** Supplied data follows **

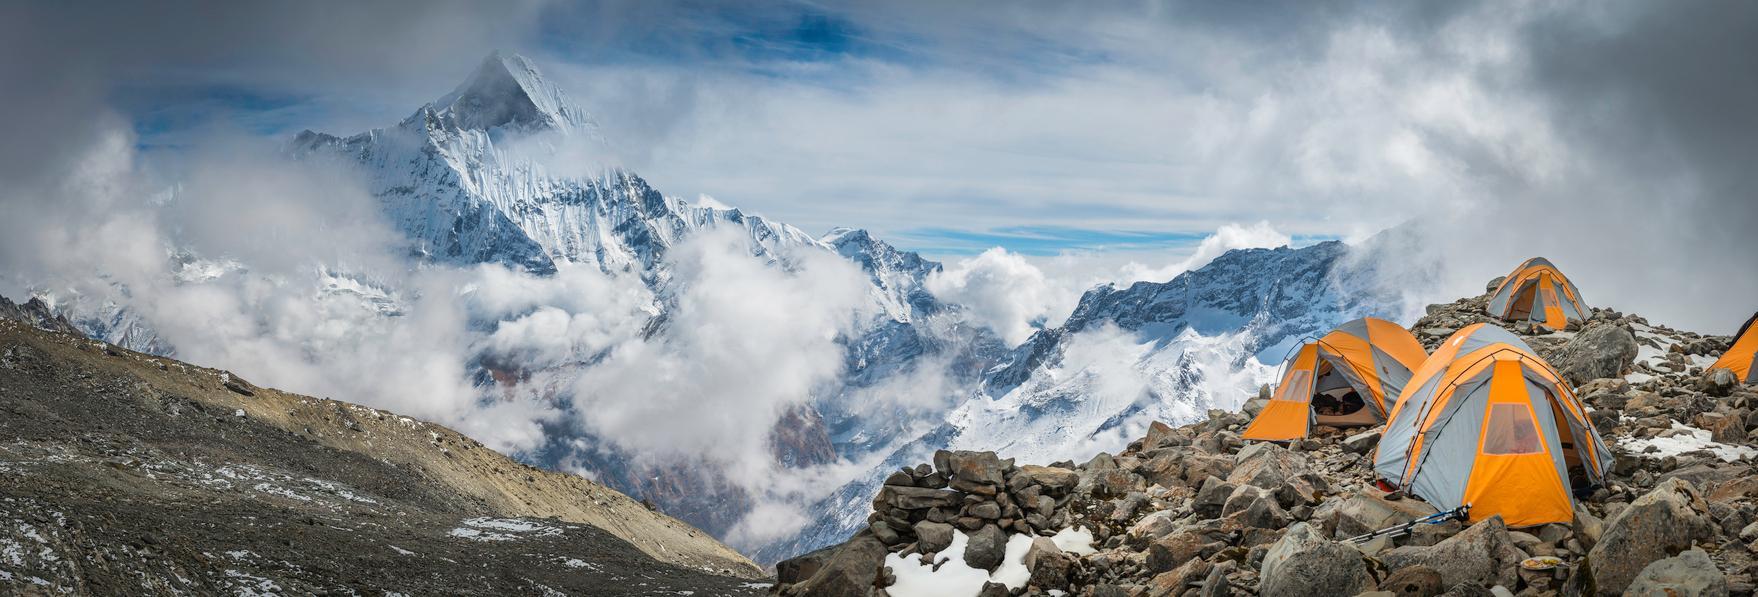 Zelte auf einem Berg im Himalaya.
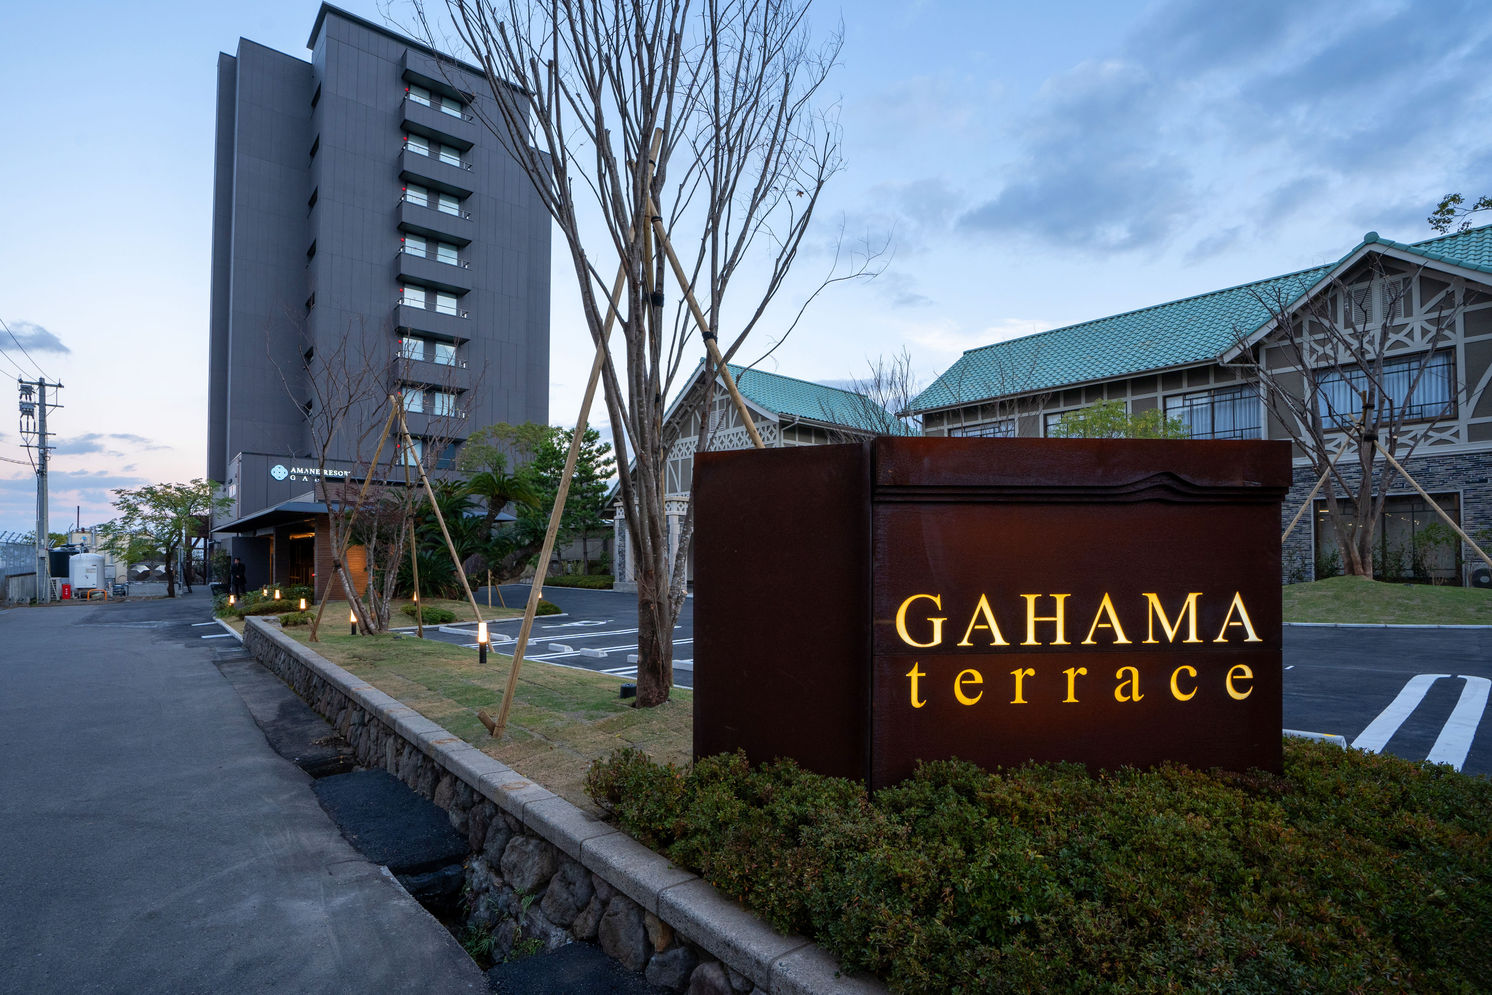 GAHAMA terrace / ガハマ テラス
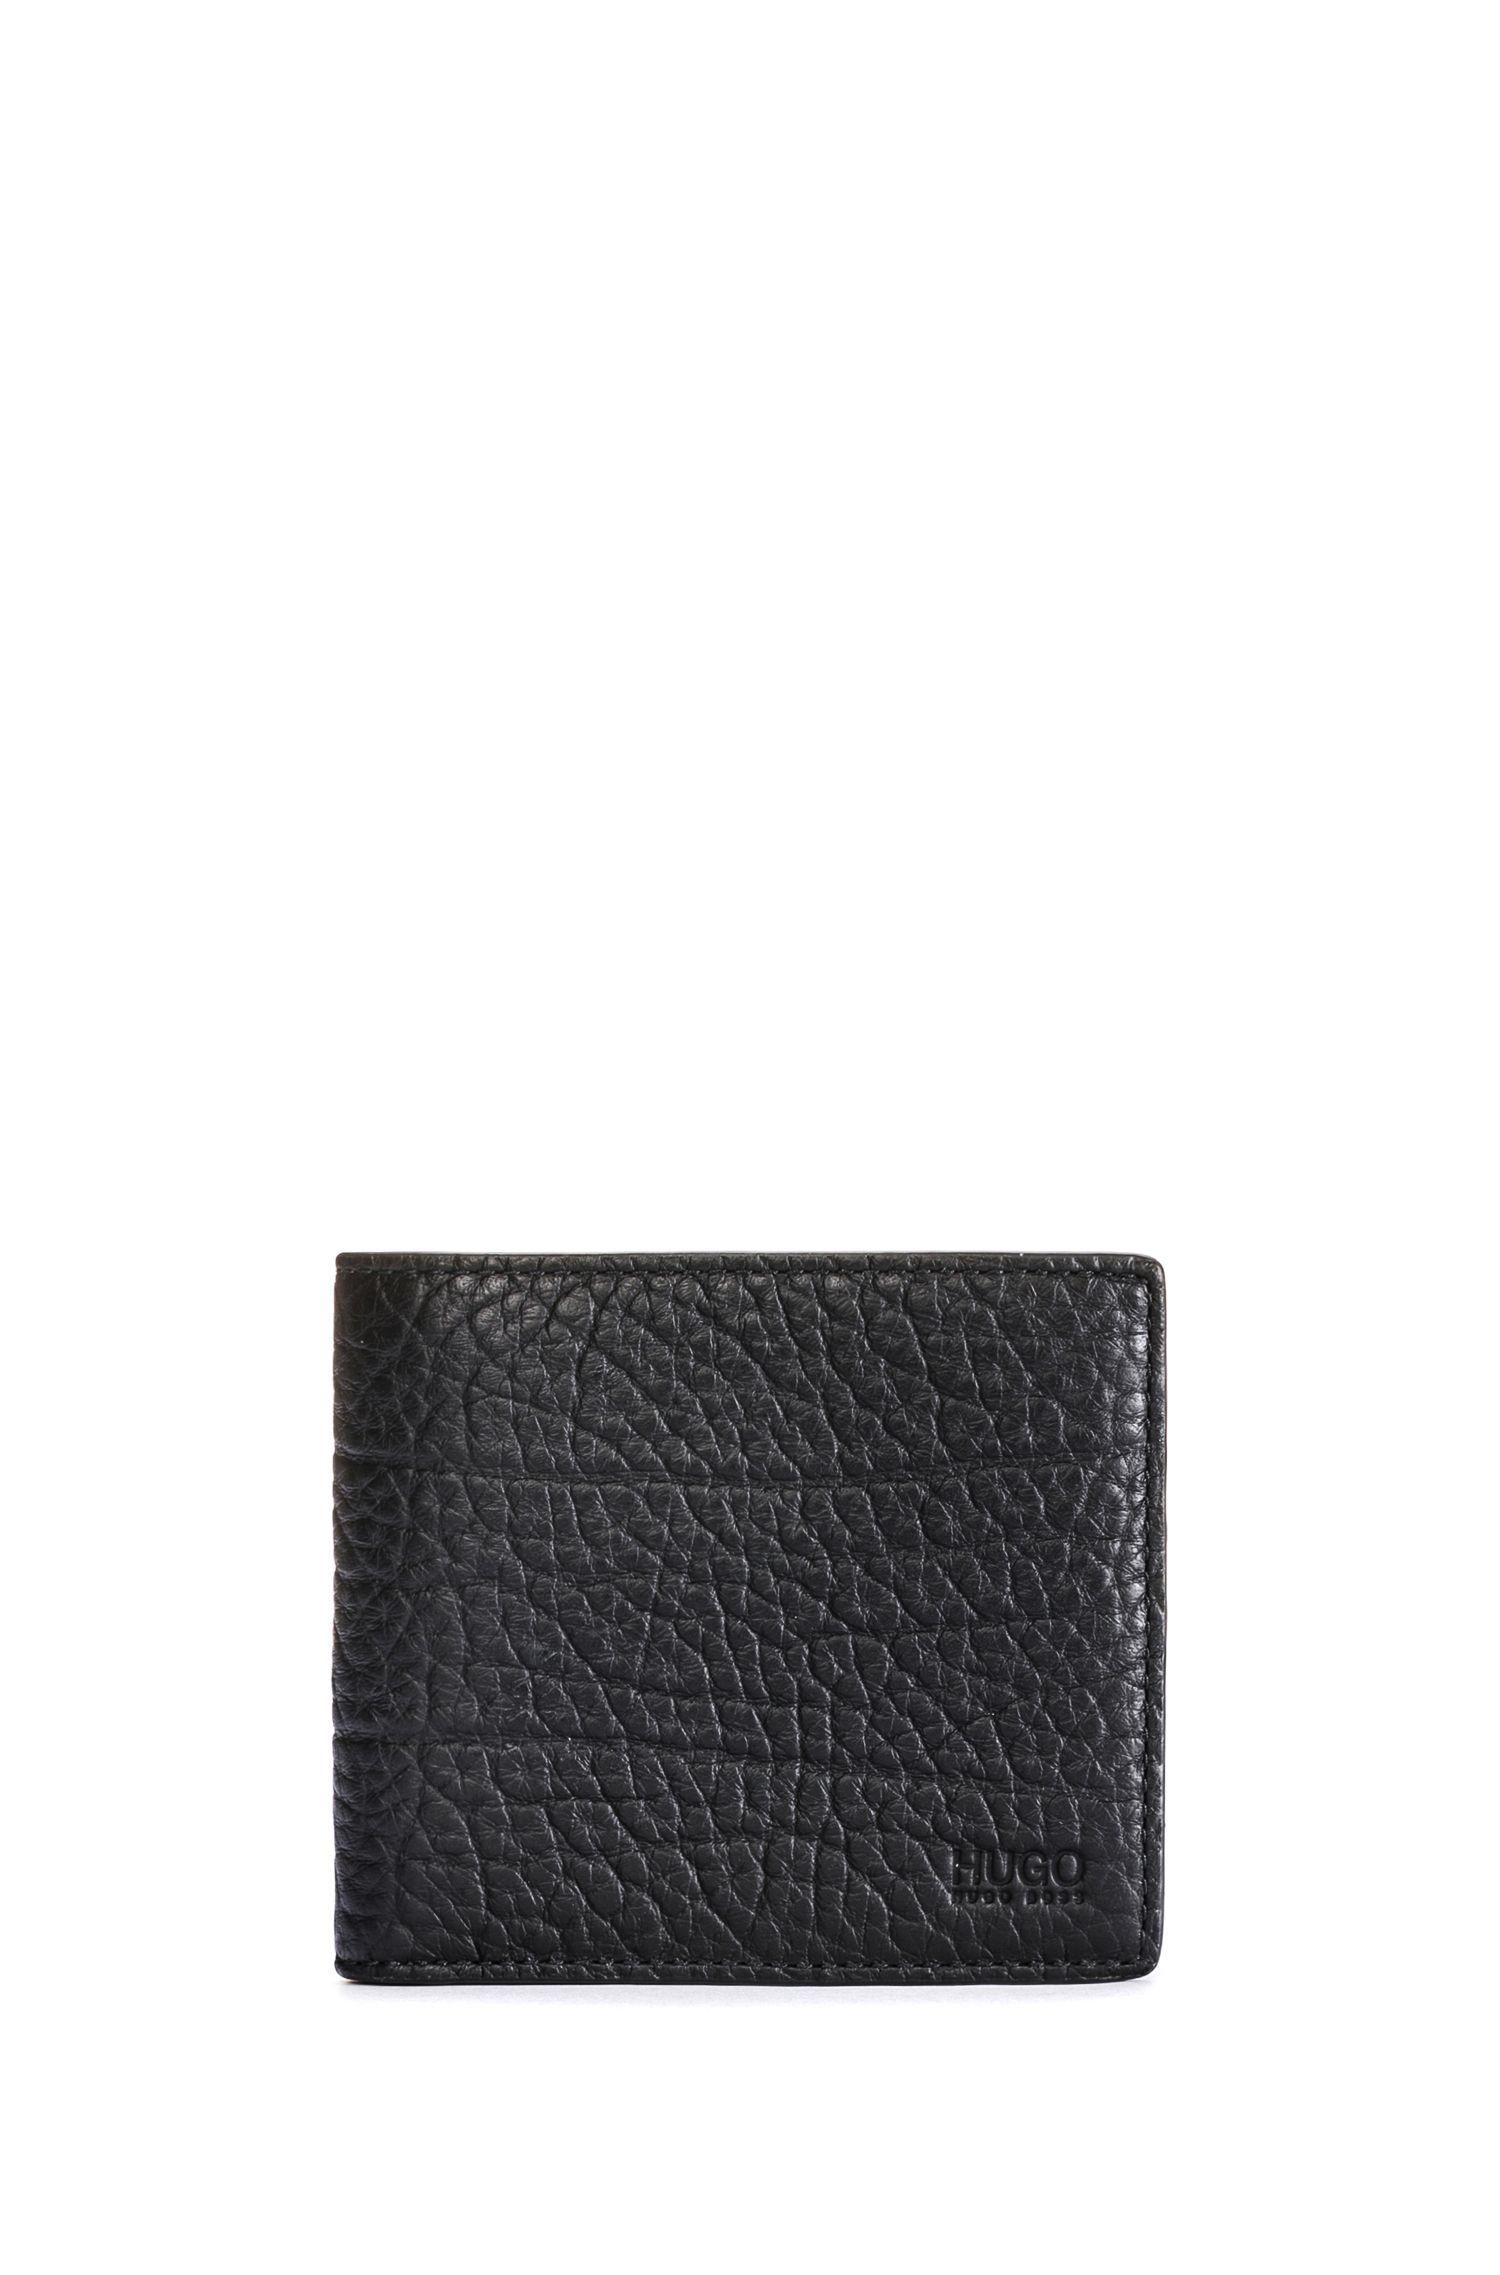 Openklapbare portemonnee van generfd rundleer met acht vakjes voor pasjes

** End of Supplied data **

_Directions_. An exact copy of the listing above, minus its pictures, is what is needed here.

_Answer for this exercise_.
 Zelte auf einem Berg im Himalaya.
 GAHAMA terrace / ガハマ テラス
 Openklapbare portemonnee van generfd rundleer met acht vakjes voor pasjes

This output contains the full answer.